### Collected material
----
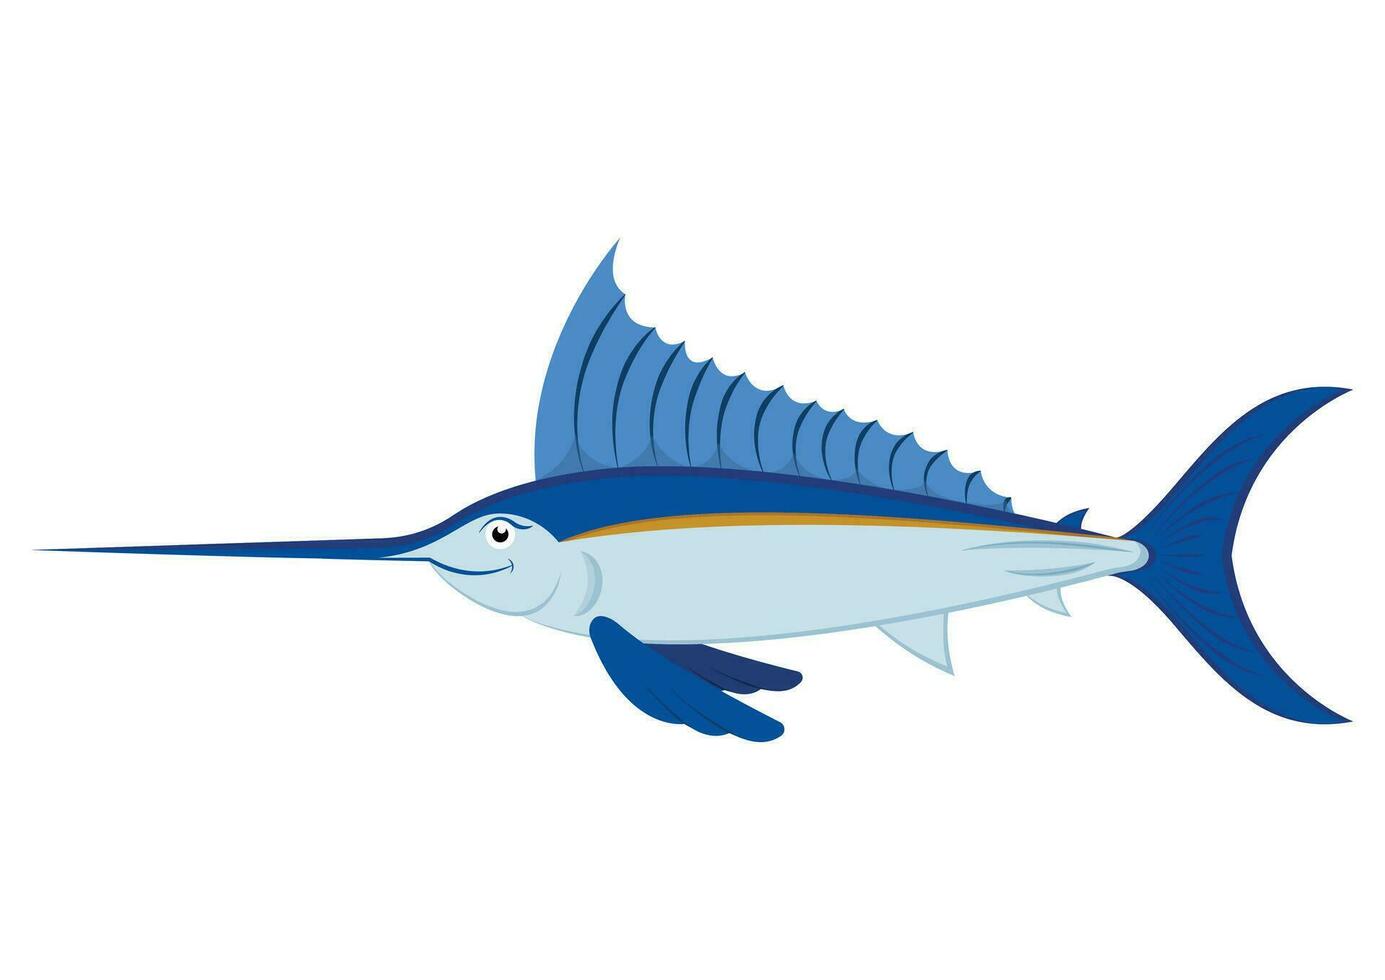 Ocean swordfish cartoon character vector isolated on white background
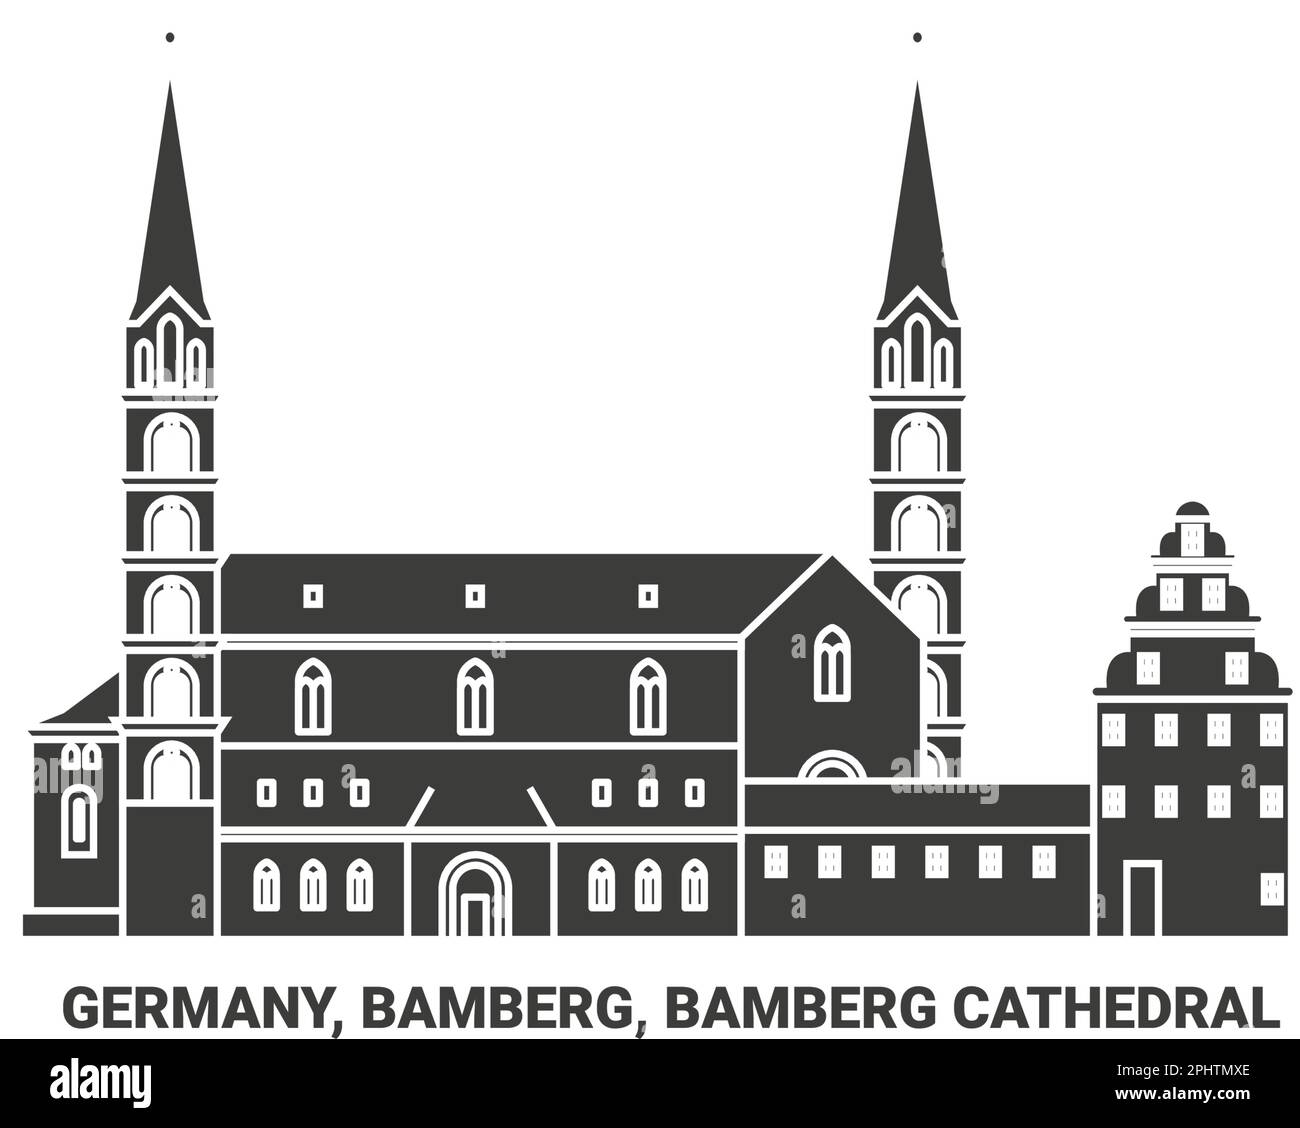 Germany, Bamberg, Bamberg Cathedral travel landmark vector illustration Stock Vector
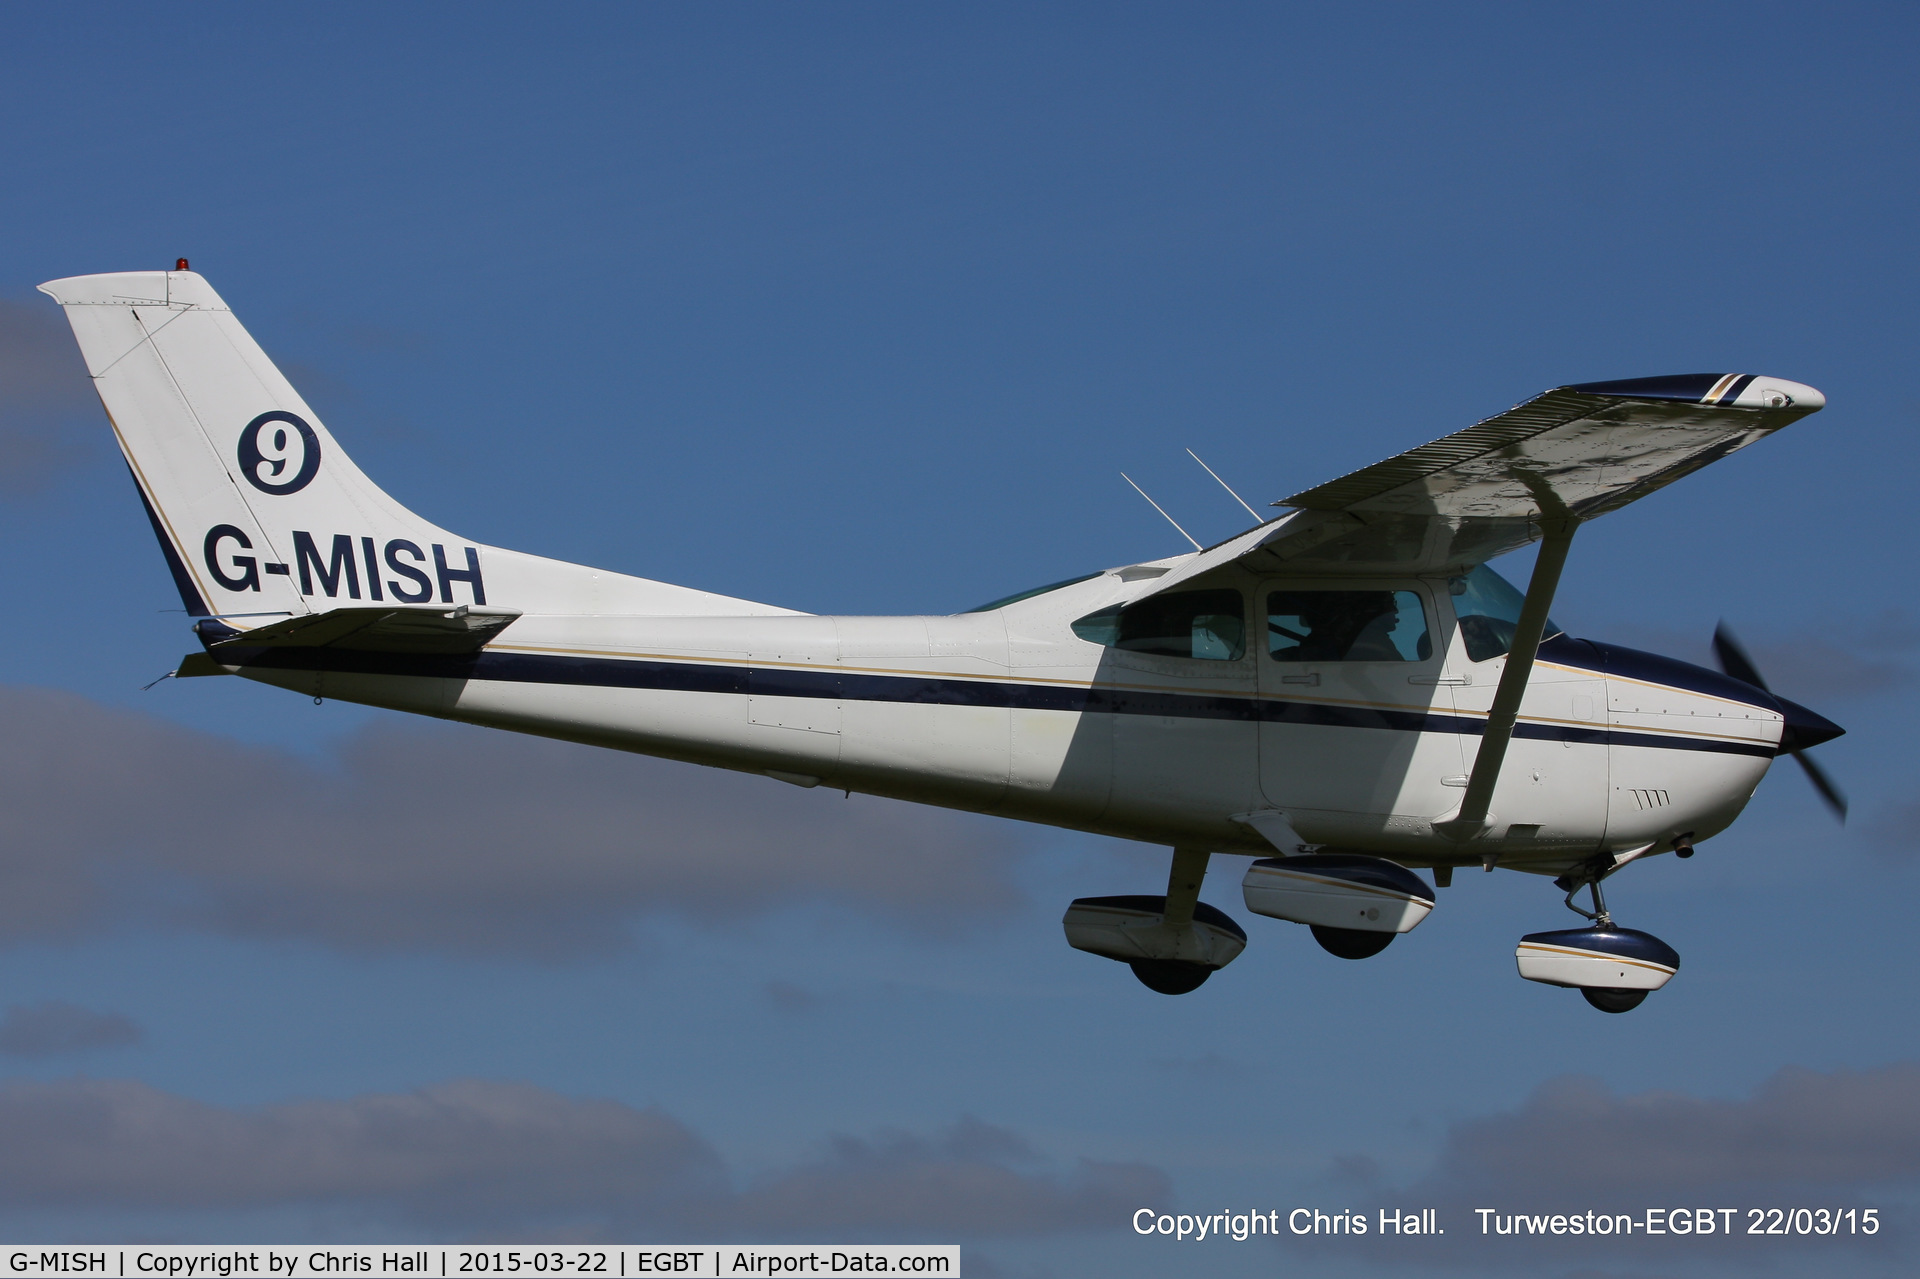 G-MISH, 1981 Cessna 182R Skylane C/N 182-67888, at the Vintage Aircraft Club spring rally
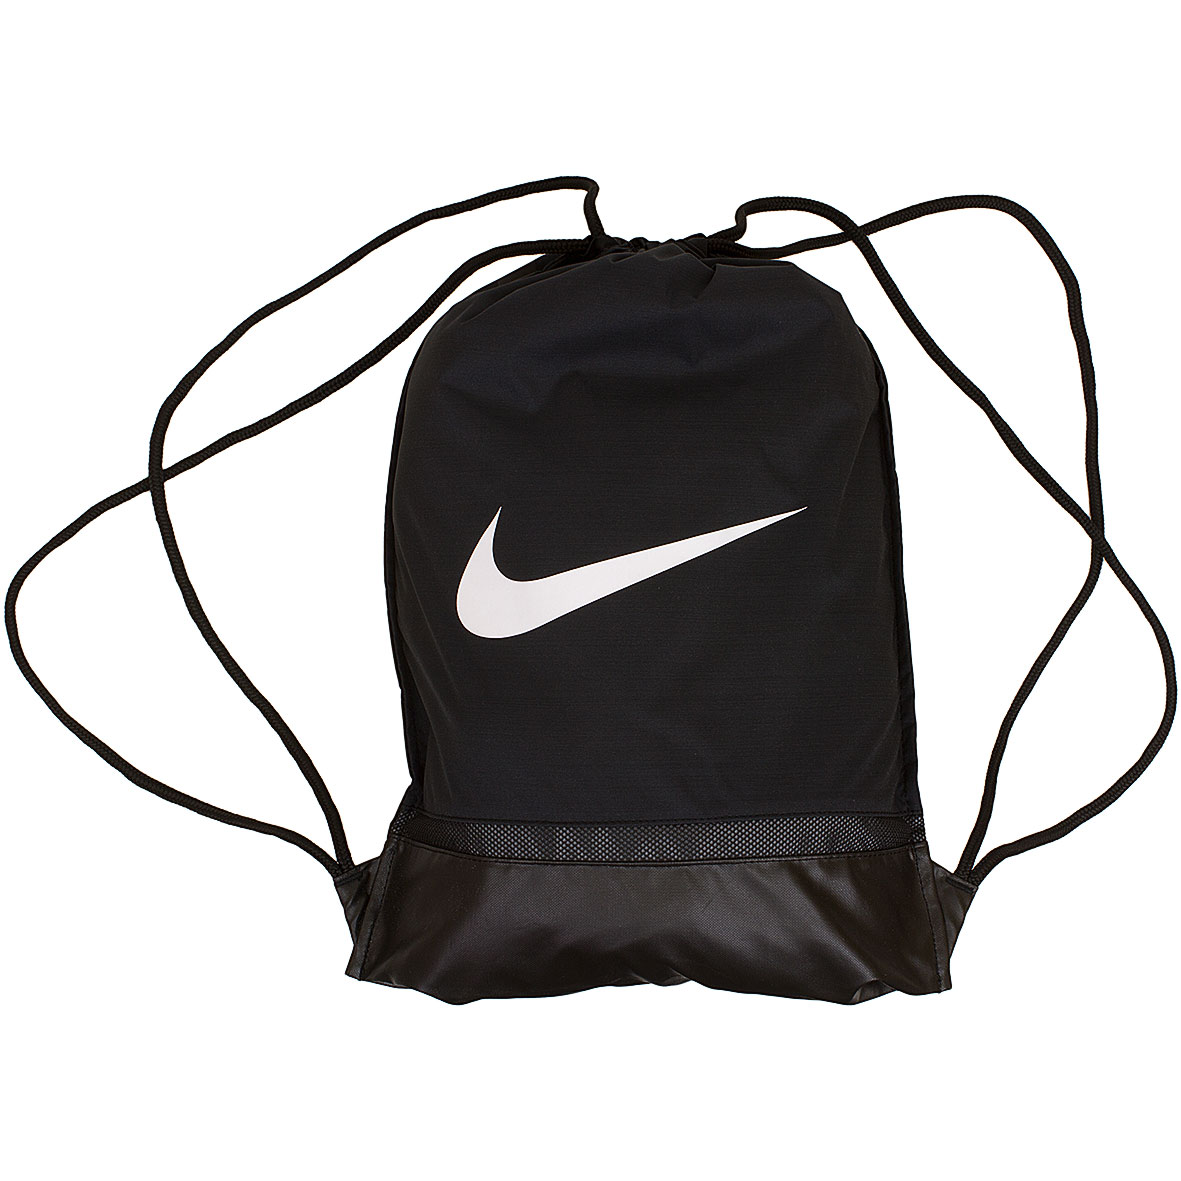 ☆ Nike Gym Bag Brasilia Training Gym schwarz/weiß - hier bestellen!
----
After removing the pictures, restate the whole listing above word for word.

 Ocean swordfish cartoon character vector isolated on white background
 Germany, Bamberg, Bamberg Cathedral travel landmark vector illustration Stock Vector
 G-MISH, 1981 Cessna 182R Skylane C/N 182-67888, at the Vintage Aircraft Club spring rally
 ☆ Nike Gym Bag Brasilia Training Gym schwarz/weiß - hier bestellen!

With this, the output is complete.